[Import-sig] Re: (Serious?) package namespace problem (and a proposal)

M.-A. Lemburg mal@lemburg.com
Fri, 30 Jun 2000 15:36:14 +0200


Gordon McMillan about relative imports:
> 
> > > Their main feature is "ease of use", which can be pejoratively
> > > cast as "programmer laziness".
> >
> > No no no... the feature can be put to clever use *within*
> > packages. If you always have to specify the absolute path
> > to the modules, you will have a hard time moving packages
> > under new umbrella packages -- something which gets done every
> > now and then. Not having relative imports then causes a lot of
> > breakage.
> 
> And how does anything you've said contradict (as in "No no
> no") anything I said?

Simple: relative imports are not an artifact of "programmer laziness".
What goes on inside a package is up to the programmer. How
it can be installed is part of the published package interface.

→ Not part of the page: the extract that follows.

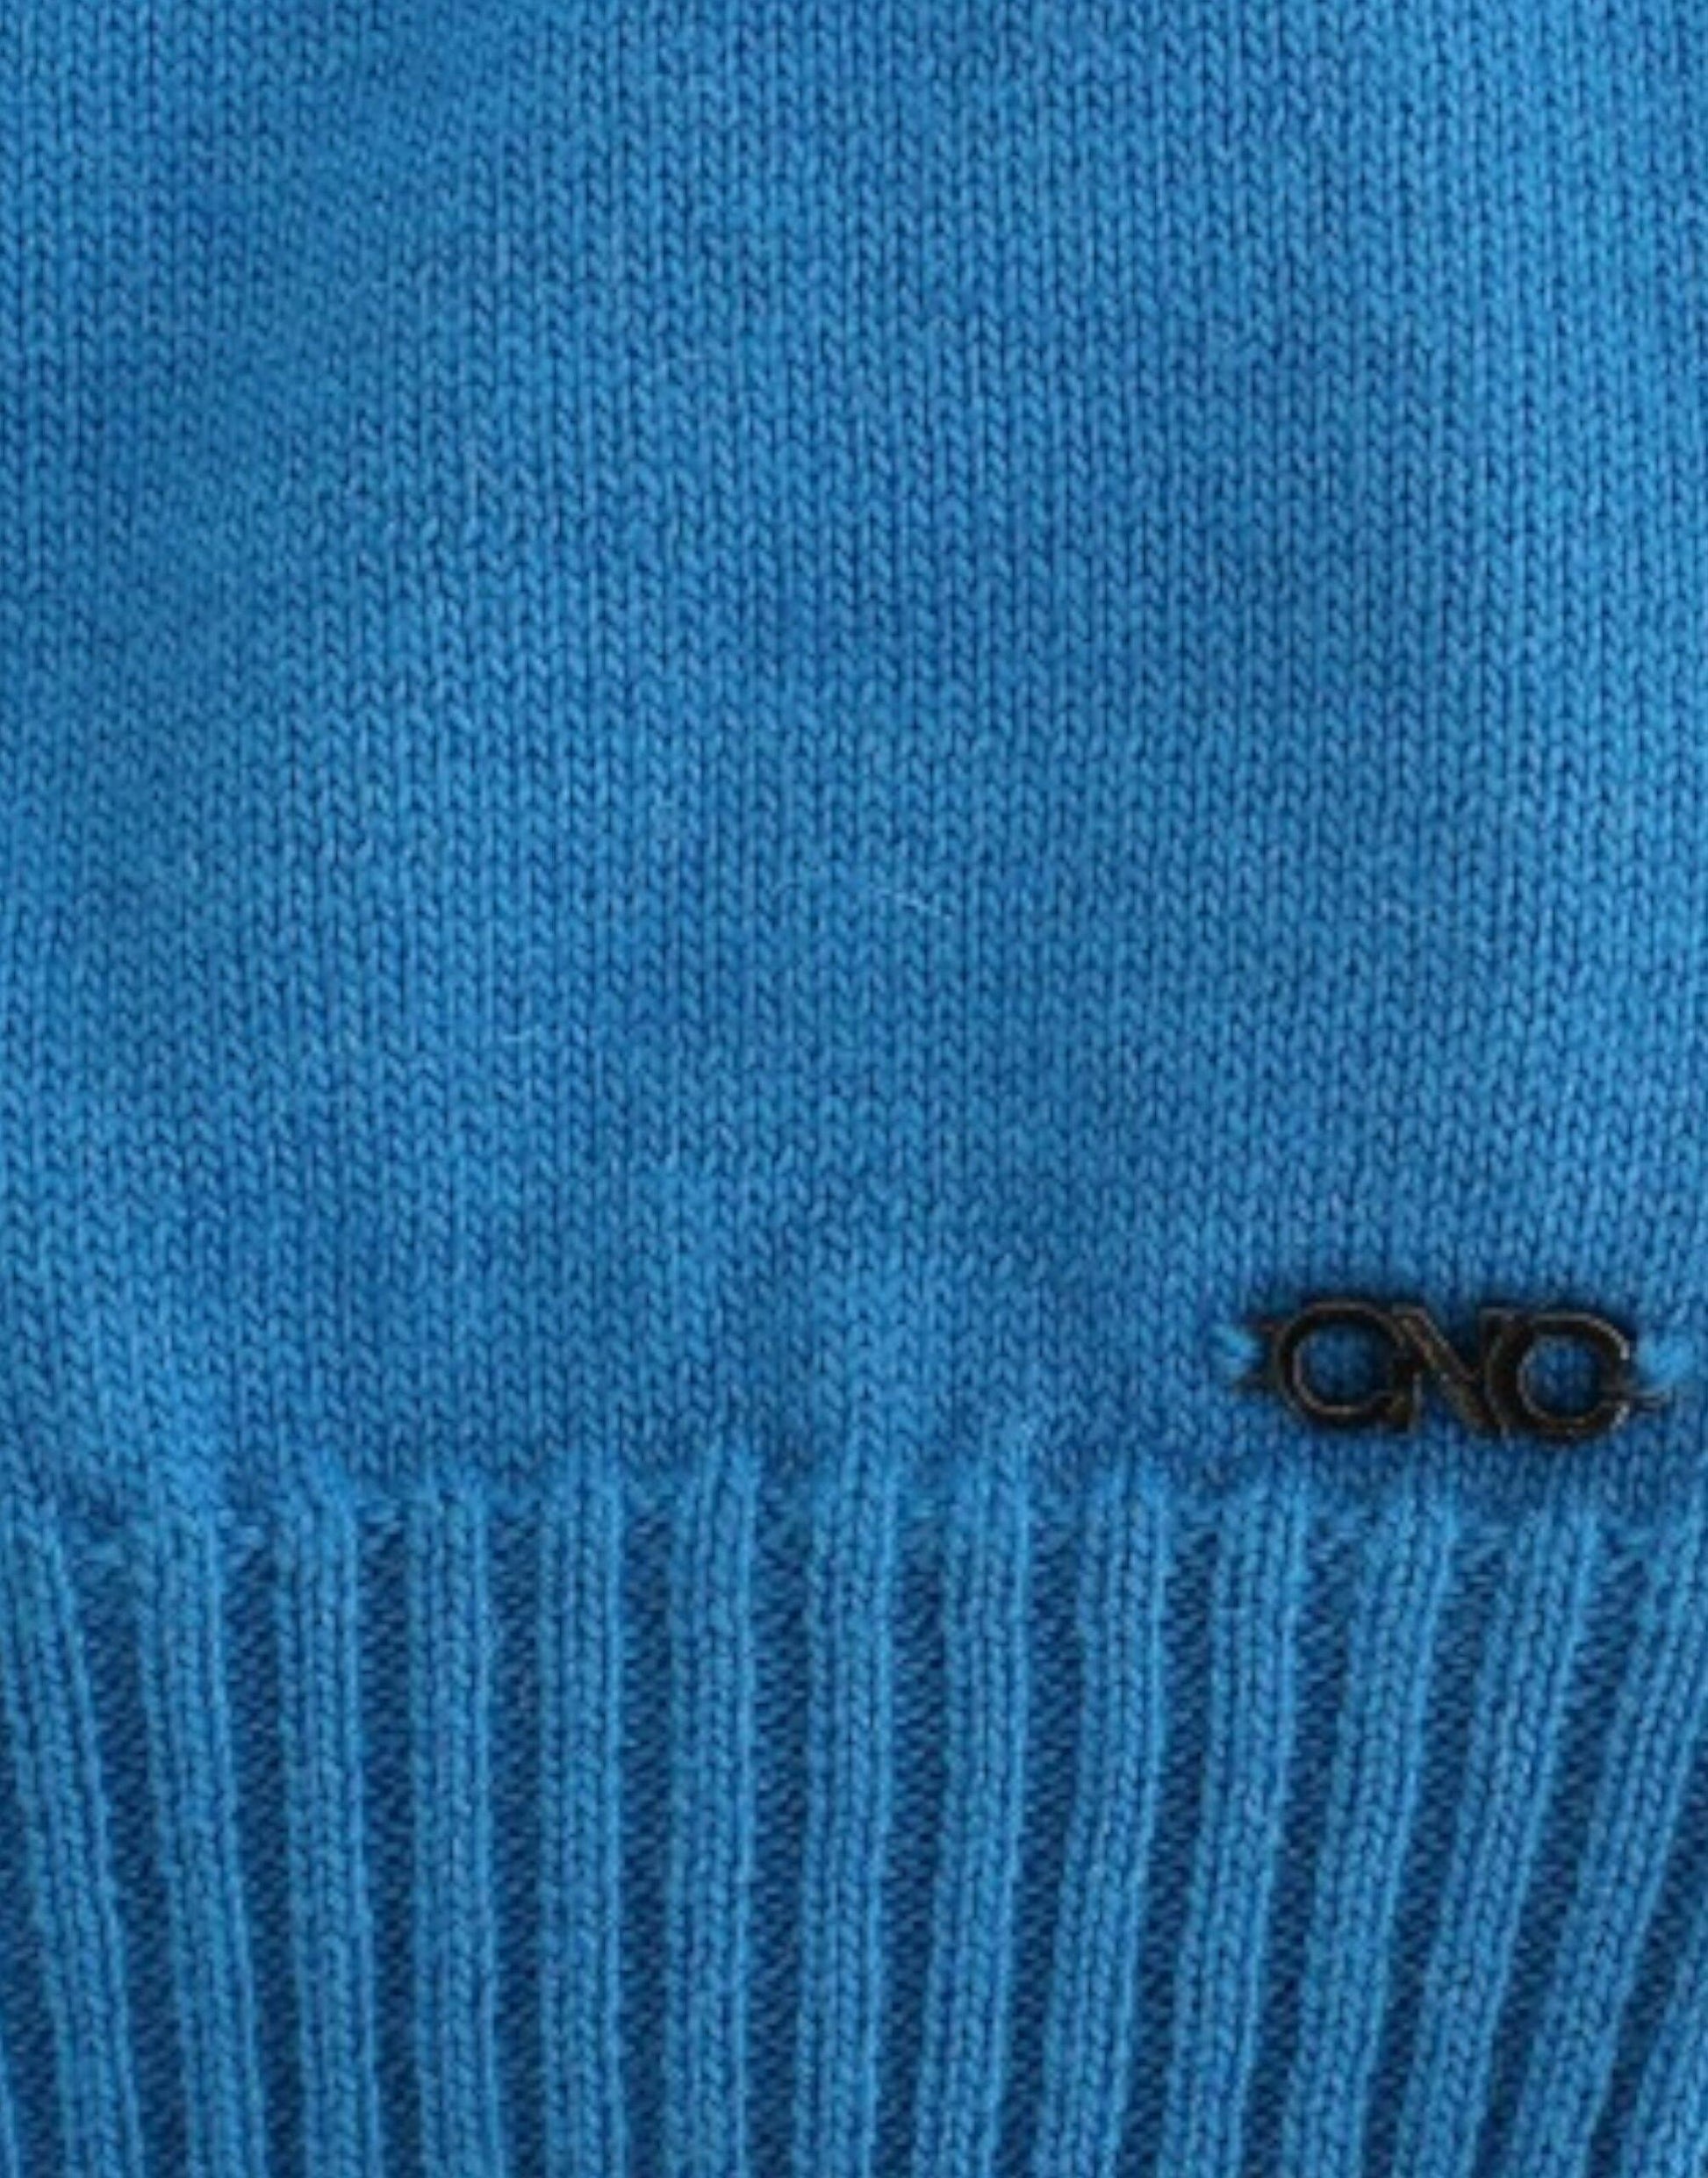 Costume National Cozy Scoop Neck Blue Knit Sweater - PER.FASHION

With the current setup, the only way to install a package is
to make it top-level. Relative imports would make it possible
to also install the package under some other top-level
package (and it would still work as before).

> It makes your life easier. It does not make your users' lives
> easier.
> 
> Or have you missed the fact that I've had to explain on c.l.py
> (at least 3 times) that various strange problems with mx
> packages stem from misunderstanding how to install them on
> the path?

I know that people have problems with packages in general
(not only the mx ones, although these were among the first
to use the mechanism). Most of these are related to PYTHONPATH
and their understanding of how imports work in Python.

With distutils all of these problem will hopefully go
away...

> When "import mxDateTime" doesn't throw an exception,
> people for some reason expect to be able to *use*
> mxDateTime.

Could you explain this ? "import mxDateTime" will normally only
work inside the package (or if the user ran "make install"
instead of just "make"). All other cases should yield
an import error.

Note that some time ago I proposed to add relative imports
by changing the lookup mechanism to something more easily
understood. Basically what happens is that import searches
up the package hierarchy if can't find the module at the
current level -- very simple, very effective.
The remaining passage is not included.